The doctor must have been hoping for that question. “See here?” he said most gleefully. He patted his fingers against the screen, right on the picture of my ribs. The image expanded to show a magnified view, twice as big as before. Havel patted again and the picture expanded a second time; several more pats, and all you could see was one little patch of bone, blown up to fill the body-sized screen.
“All right,” the doctor said, “fourth rib, right side: look at this area here.” He circled his pudgy hand above the center of the picture, where there was an obvious line etched into the bone. “See this ridge running up the middle? And the bump at the top: one side of the ridge is a bit higher than the other. That’s a fracture site. The bone broke and didn’t quite knit cleanly. It’s only a microscopic discrepancy—whoever set the fracture did a fantastic job, better than any human surgeon. And the healing was more complete than anything I’ve seen in Homo sapiens. But magnify the image a few hundred times, and ta-da! The glitch is there, plain as day.”
I stared at the picture. I did not like thinking my rib had a flaw in it, no matter how small.
“And,” the doctor went on, “there are dozens of similar breaks throughout the skeletal system: the chest, the arms, the front of the face. Ms. Oar, you definitely suffered massive trauma at some point in the past—consistent with falling from a tall building, and your upper torso taking the brunt of the impact. Since I don’t know your species’ rate of recovery, I can’t tell how long ago the damage happened; but it’s safe to conclude you’re the same Oar who plummeted off the tower four years back.”
“I know that,” I told him. “I suffered Grievous Wounds and it took me time to heal.”
“You didn’t heal by yourself,” Havel said. “If the bones had knit on their own, the fracture sites would be a million times worse. A lot wouldn’t heal at all—the bone ends would be too apart to grow back together again. Someone damned good at orthopedics set each little break so it would fuse as good as new…and the surgery was performed within a few hours of the damage.
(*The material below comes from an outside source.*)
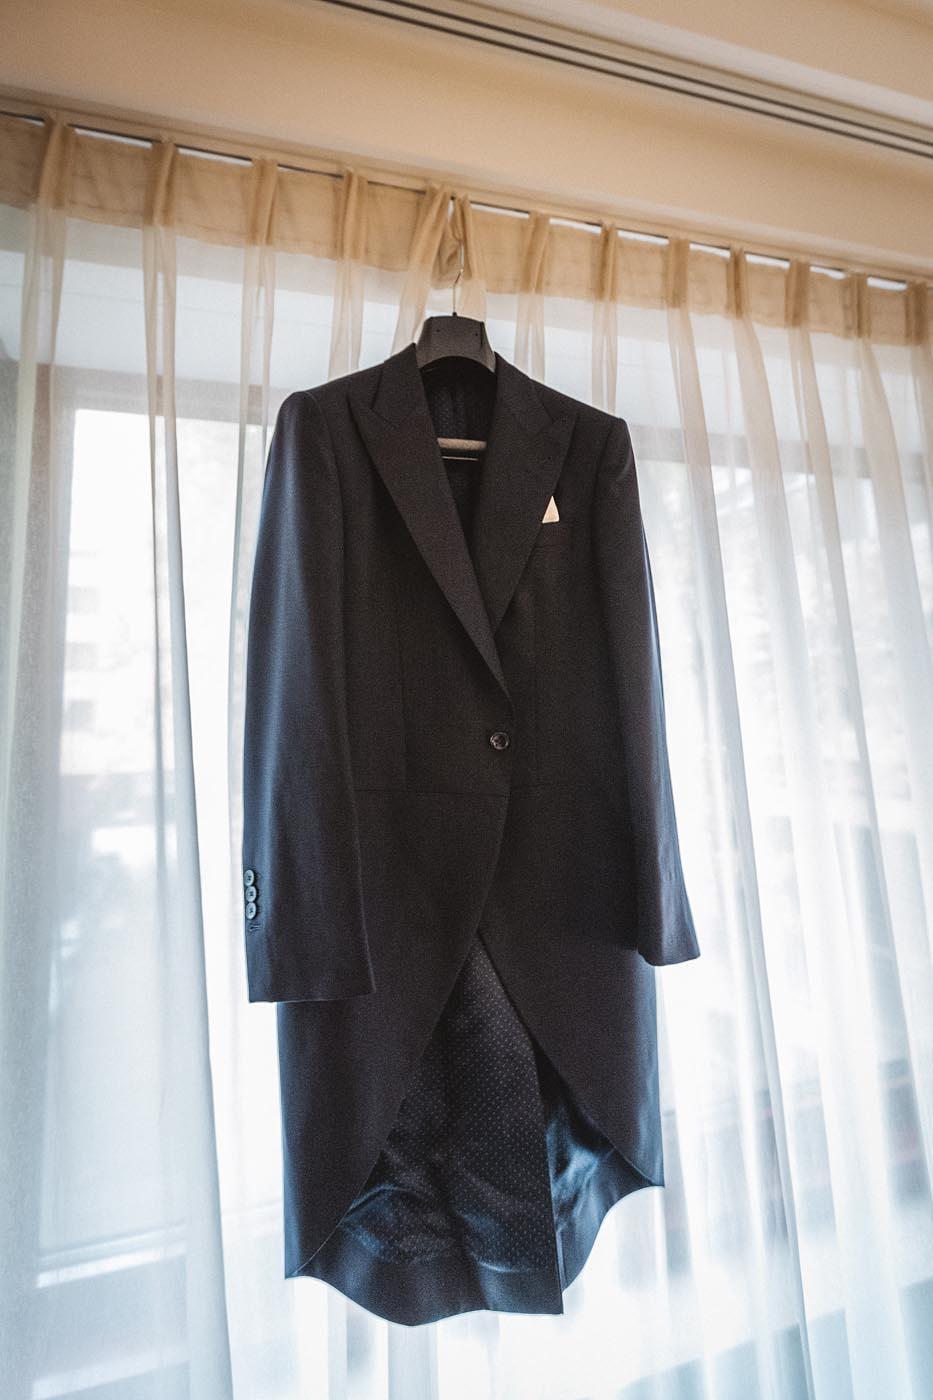 Hochzeitsfotograf Köln Hyatt Regency Hotel Getting Ready Bräutigam

“On top of that,” the doctor continued, “here’s the real telltale sign you got high-class medical attention.” He pointed to a series of squiggles written in bright red on the table screen. They were not an alphabet I recognized; I assumed they were some hateful Scientific Notation describing tedious Chemicals.
“Your spinal fluid,” Havel said, “contains the residue of a nifty little drug called Webbalin: developed on the planet Troyen several decades back, when the Mandasars were the best medical researchers in our sector. Webbalin prevents cerebral degradation after your neurons stop getting fresh blood; without it, a human suffers irreversible brain damage within five to ten minutes of coronary arrest. Even if someone gets your heart pumping again later on, you won’t be the same person. Your old brain architecture has fallen apart—the trillions of linkages that make you unique get erased by neuron decay. Even if we grow you new neurons, they won’t link together in the same way. Without Webbalin to keep your original gray matter from rotting, your body might get brought back to life, but your memories and personality sure won’t.”
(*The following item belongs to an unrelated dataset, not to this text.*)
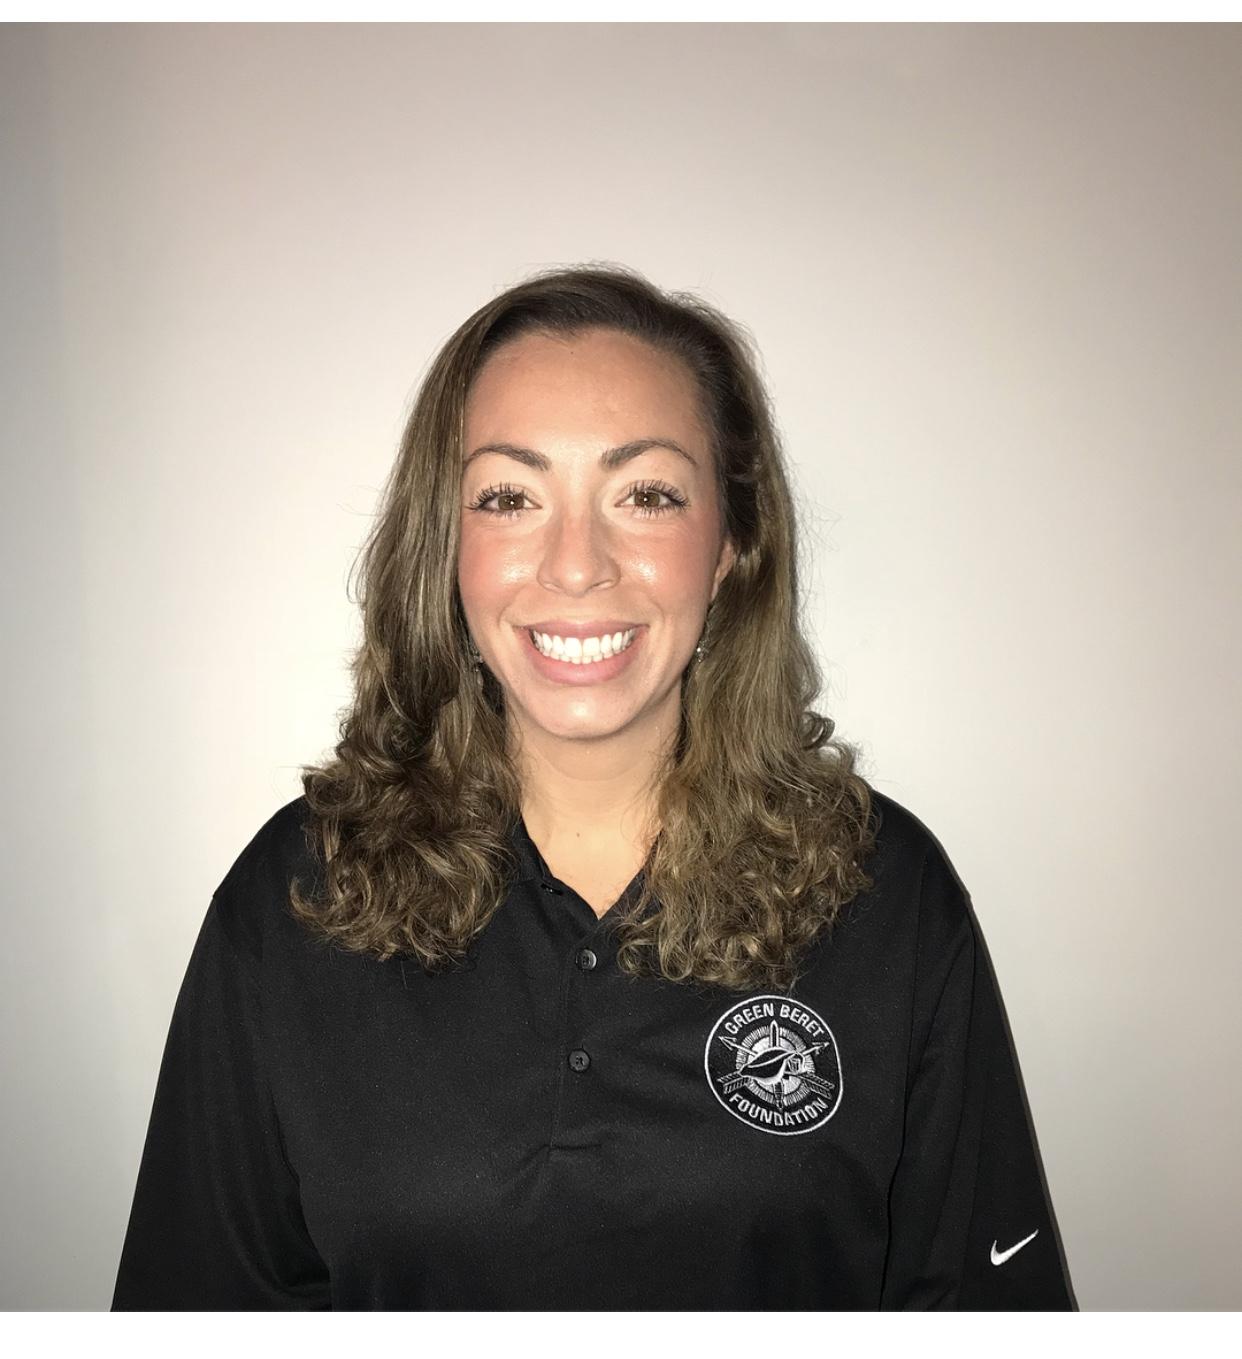 Justine Torres, Lead

“And you found this Webbalin stuff in Oar’s spinal fluid?” Uclod asked.
“She obviously received a massive dose,” Havel replied. “Enough to leave traces four years after the fact.”
“Doctor,” Nimbus said, “how soon does Webbalin have to be administered after death? In order to be effective.”
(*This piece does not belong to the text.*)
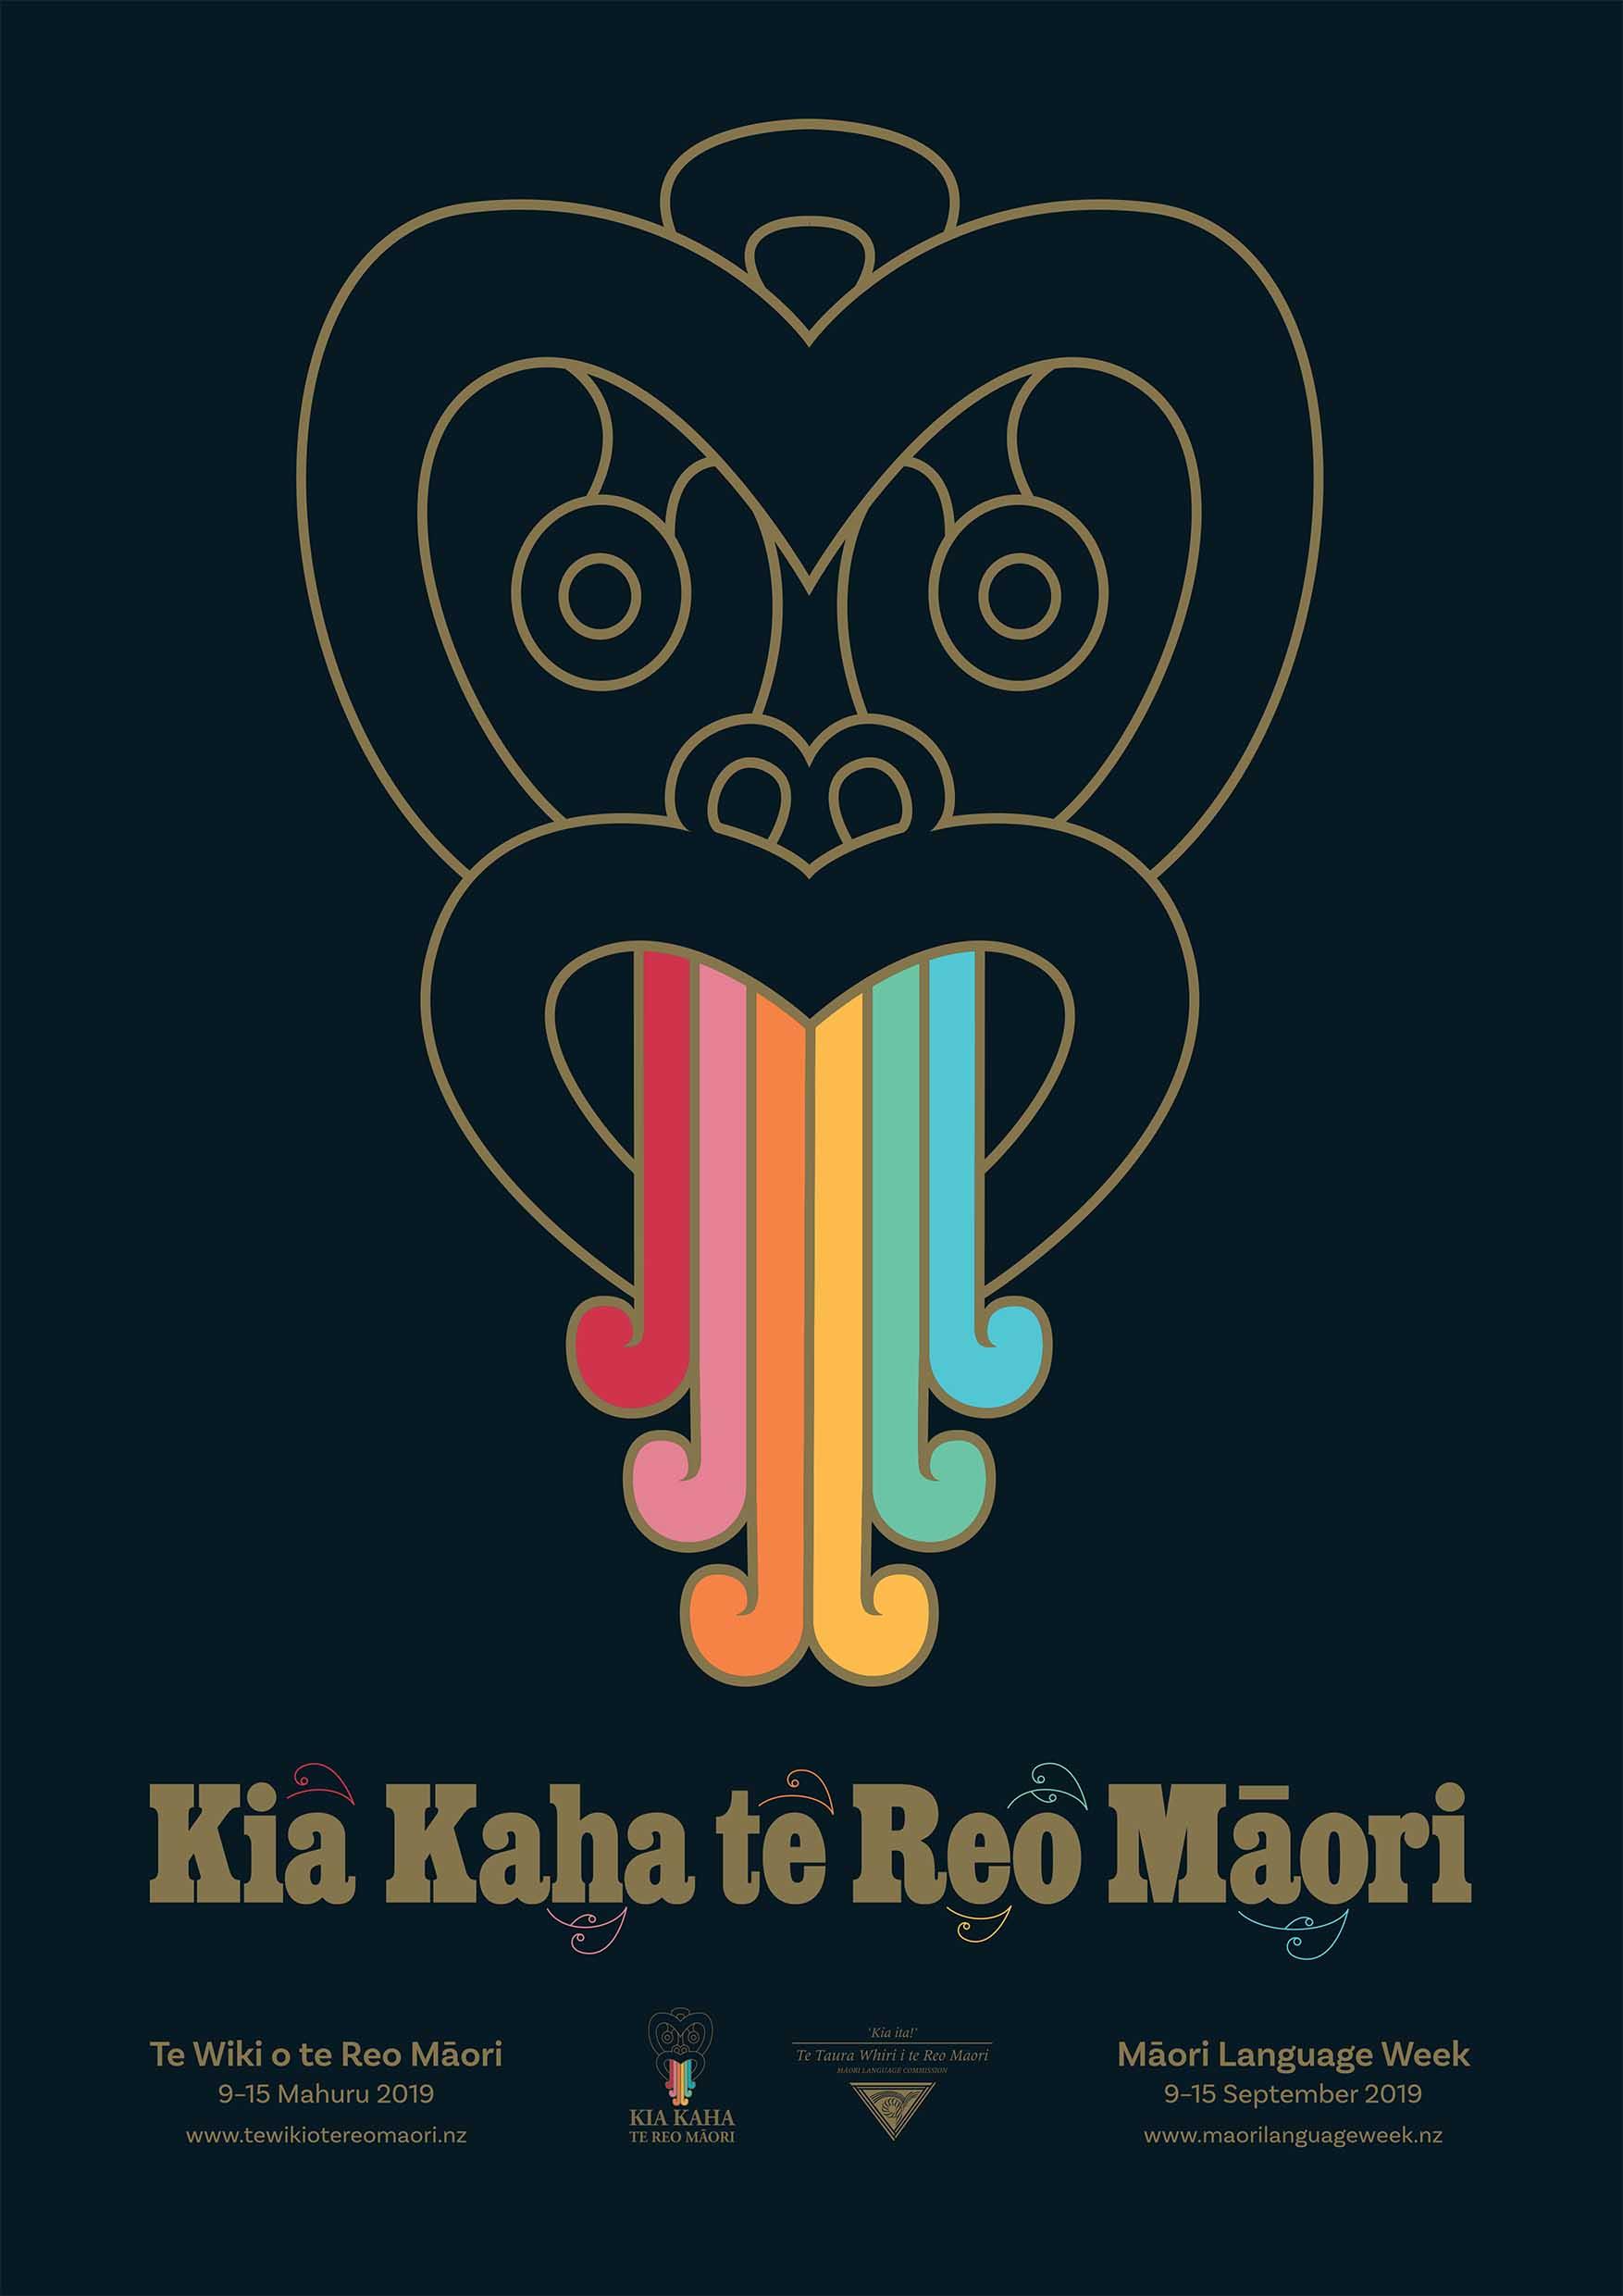 Kia-Kaha-Posters-2019-A3-2.jpg

“It’s usually given before death,” Havel answered. “If a trauma victim’s in danger of dying, you want Webbalin in the patient’s bloodstream as soon as possible. Get it circulating while the heart is still working; then when the crash comes, ha-ha, the brain will be safe for ten hours instead of ten minutes. Gives you a lot more leeway for patching up the poor bastard.”
“But suppose the patient has already died. Does that mean you only have ten minutes to inject the drug?”
“Worse than that,” Havel told him. “Ten minutes to get the drug saturating the brain. Which is damned difficult if you don’t have blood circulation. You can force-pump a dose inside the cranium and hope it soaks into the cells…but that’s just farting around to mollify the next-of-kin. It seldom works at all, and it never works completely. If you’re lucky, you salvage thirty percent of the brain, tops. That’s rarely enough to keep the patient alive, let alone, ha-ha, help him remember the password to his bank account—which is often the family’s prime concern.”
“So if Oar’s brain survived…” Nimbus said thoughtfully.
“It did survive,” I told him. “It survived just fine. I am quite as clever as I have ever been.”
“Maybe,” Uclod said, “that’s because you ain’t human, toots. Your brain cells might not rot as fast as the average Homo sap. Maybe that’s how you stayed intact till the Pollisand picked you up.”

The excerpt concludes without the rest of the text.